3.2 Comportement instantané élastoplastique

3.2.1 Comportement pré-pic

Le comportement pré-pic concerne les petites déformations, celles avant d’atteindre la rupture ou le pic de contrainte. Après avoir succinctement présenté le cadre physique choisi, nous décrirons les concepts du modèle L&K dans ce domaine de déformation.

3.2.1.1.Cadre physique

Plusieurs descriptions de cadres physiques de la phase pré-pic sont présentées par Kleine (2007a) dans sa thèse. Nous rappelons ici les phases proposées par Haïed (1995) sur l’évolution de la déformation axiale et de la déformation volumique (Figure 3.22). Chaque phase est plus ou moins visible selon le type de roche car elle dépend des caractéristiques intrinsèques de la roche.

Figure 3.22 : Phases principales du processus avant rupture dans l’essai de compression uniaxiale et triaxiale monotone (Haïed, 1995)

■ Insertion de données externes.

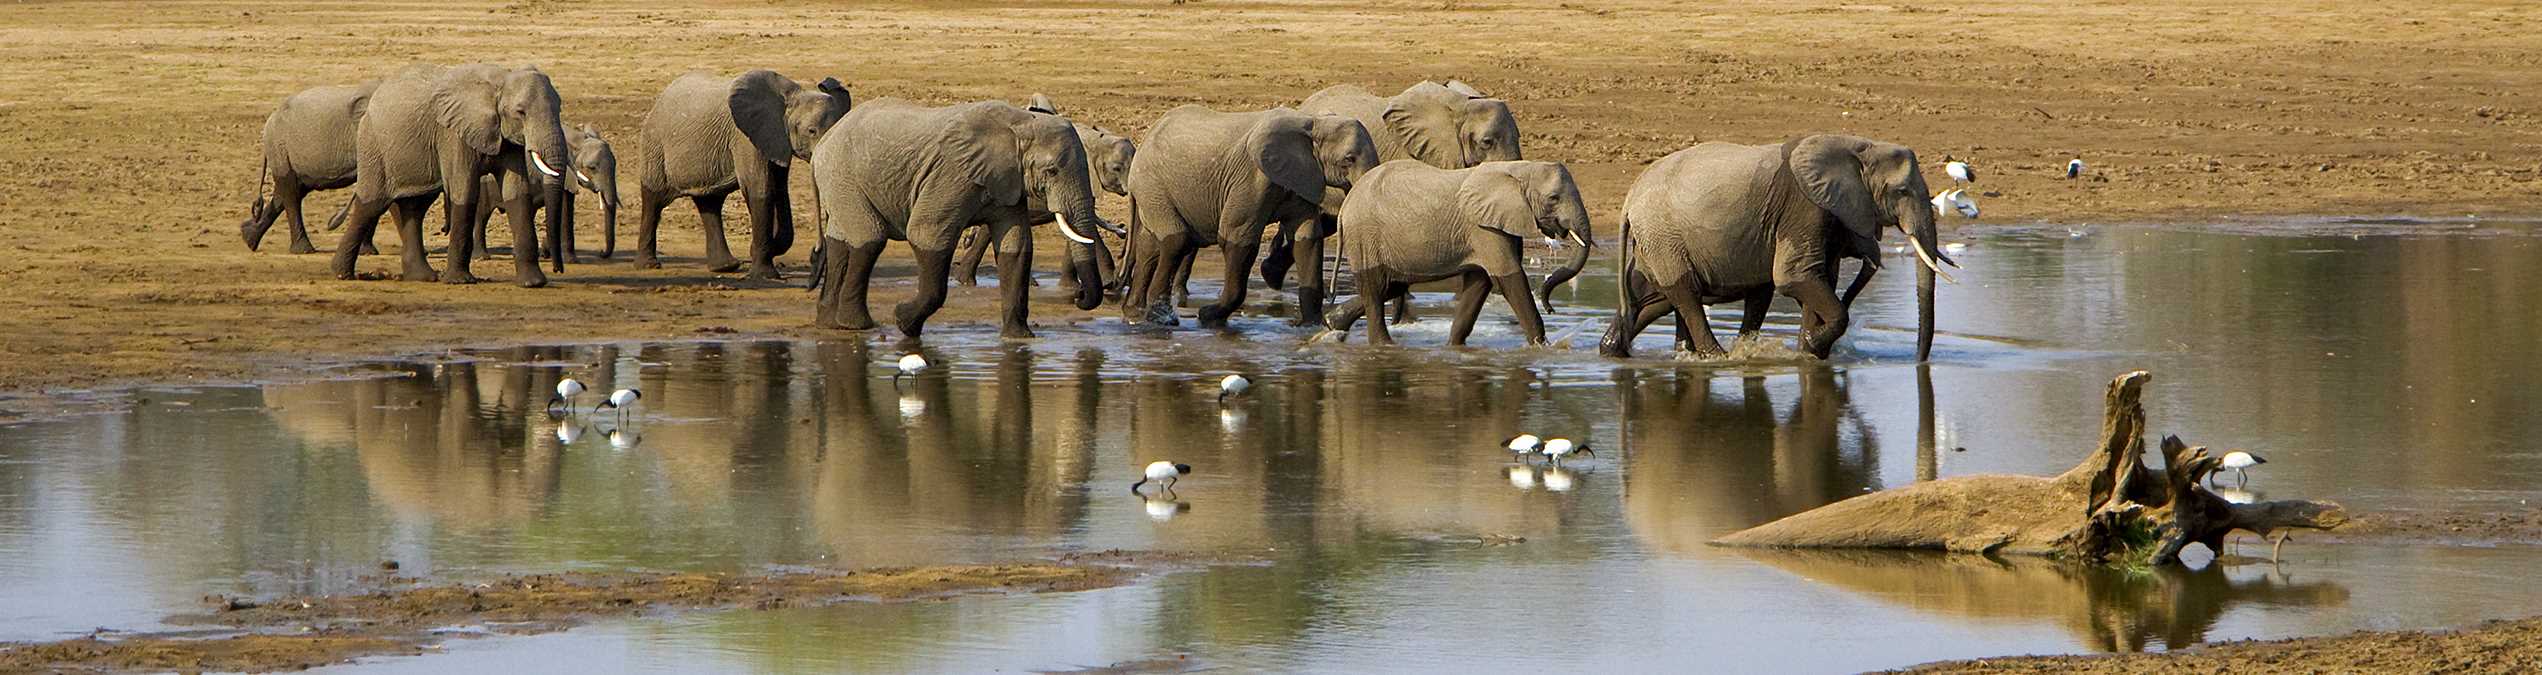 Safari Club Holidays & Tours - elephants

A l’échelle microstructurale, Kleine (2007a) reprend les considérations micromécaniques de Diederichs (1999) pour mettre en évidence la prépondérance des fissurations d’extension dans le comportement des géomatériaux dans les gammes de confinement étudiées. La Figure 3.23 présente une autre description théorique détaillée du comportement d’une roche, en termes de résistance et de déformation volumique, en correspondance avec les phénomènes microstructuraux sous-jacents (Zhao et al. 2010).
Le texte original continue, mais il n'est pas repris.